Red Bull, Mercedes helped R-Motorsport Aston Martin DTM project

Red Bull chiefs Christian Horner and Helmut Marko were a catalyst behind the new R-Motorsport Aston Martin DTM project, which will enter the series in 2019

R-Motorsport team principal Florian Kamelger and DTM boss Gerhard Berger have revealed that the Red Bull supremos, together with outgoing DTM marque Mercedes, proved instrumental in the early stages of the discussions.

"I met Christian Horner," said Berger, "and I asked him, 'Who are you working with on the Valkyrie project?'

"He said you have to go Andreas [Baenziger] and Florian [the two heads of R-Motorsport parent company AF Racing], so I contacted them and we started to discuss six months ago."

Kamelger added: "Helmut was a help to get the discussions going and to bring us closer together.

"Hence the first meeting we had with Gerhard and his team was in Graz [Marko's base] - he really helped to get the ball rolling.

"This is a joint venture with HWA [which has run the works Mercedes DTM team since the series was revived in 2000], and Mercedes helped a lot in these first discussions, which we are really thankful about."

Kamelger, who also explained that there is no Mercedes involvement in the project beyond the early talks, revealed that the engine for the DTM Aston Martin Vantage "will be a bespoke engine done by our joint venture with HWA".

Rumours that surfaced in the early days of the Aston discussions suggested that the car could use the Mercedes powerplant, or even the unit from the Honda NSX from the Super GT series in Japan, with which the DTM will be fully aligned on regulations by 2020.

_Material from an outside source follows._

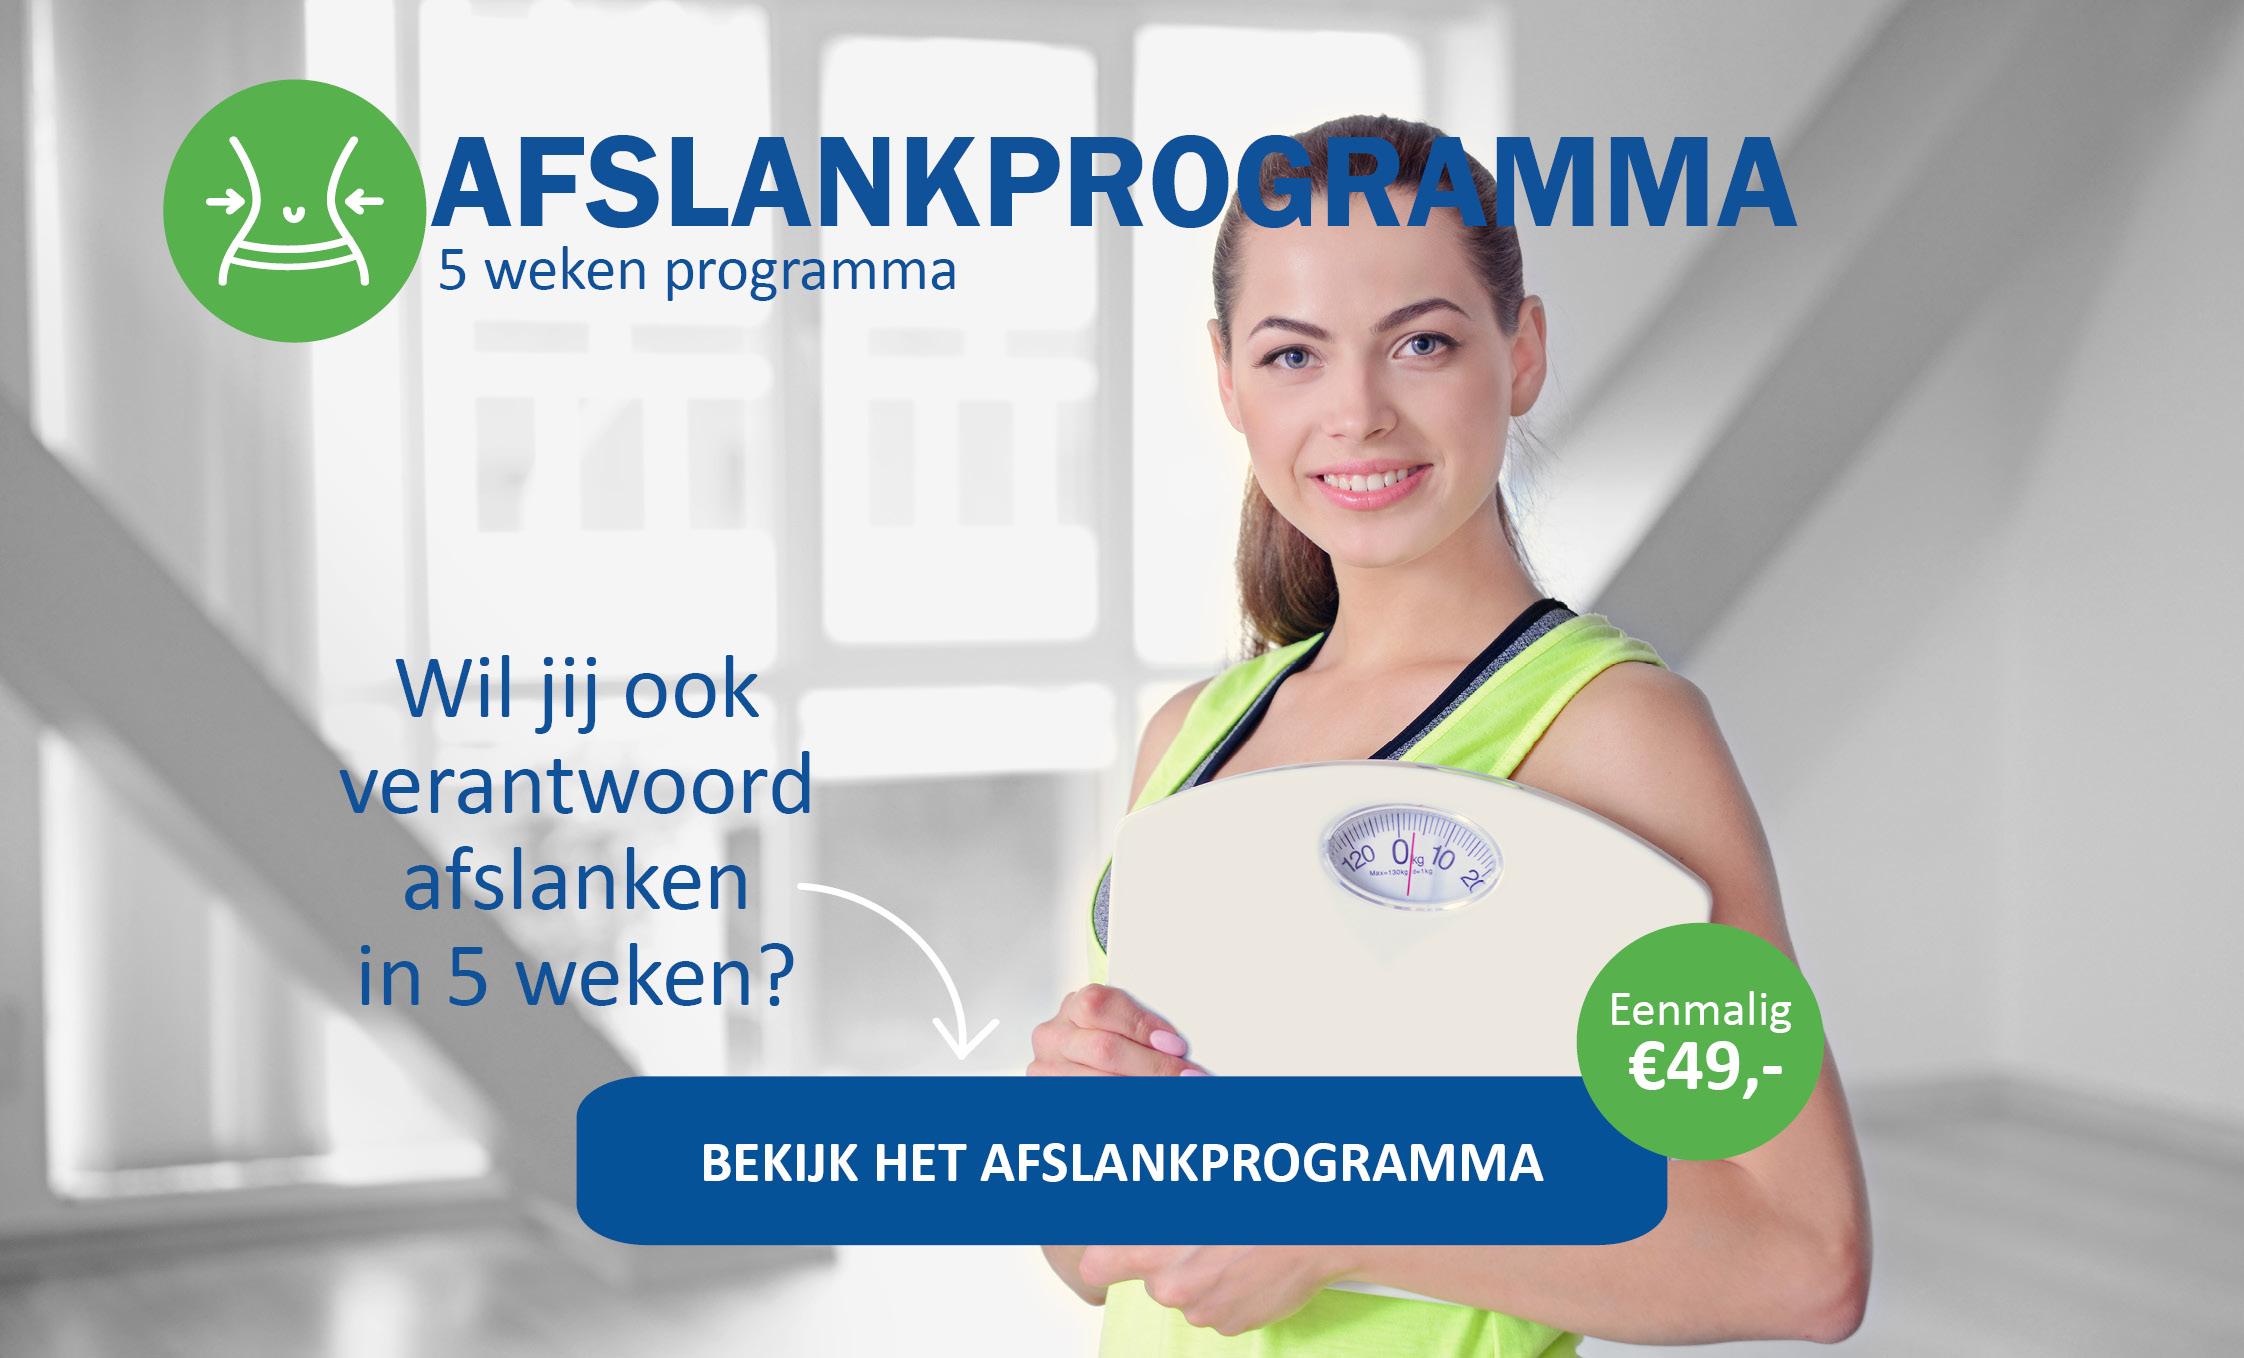 Afslankprogramma

Kamelger would not be drawn on when in 2019 the Aston would make its race debut.

"We will inform when we are ready," he said.

"It depends on development and testing possibilities of the cars - we want good results and we want to be prepared."

He also did not say how many cars would represent R-Motorsport's DTM project when it first enters competition, but said "in the mid-term it will be four cars - it depends on the development stage of the cars".

Kamelger added that regarding drivers "we will explore that - we have a couple of people in our mind".

Berger has hailed the unifying of DTM and Super GT regulations as key to getting Aston Martins on the grid, and Kamelger admitted that the project could expand into Super GT in the future.

"Internationalisation is one of the base points of the negotiations with Gerhard and the ITR [DTM promoter] for our entry," said Kamelger.

"For a British brand, internationalisation is very important.

"The DTM has done a fantastic job over the last couple of months to go in this direction - for us it's very important to work in this [European] market, and to go to Japan, which is a very important market for Aston Martin."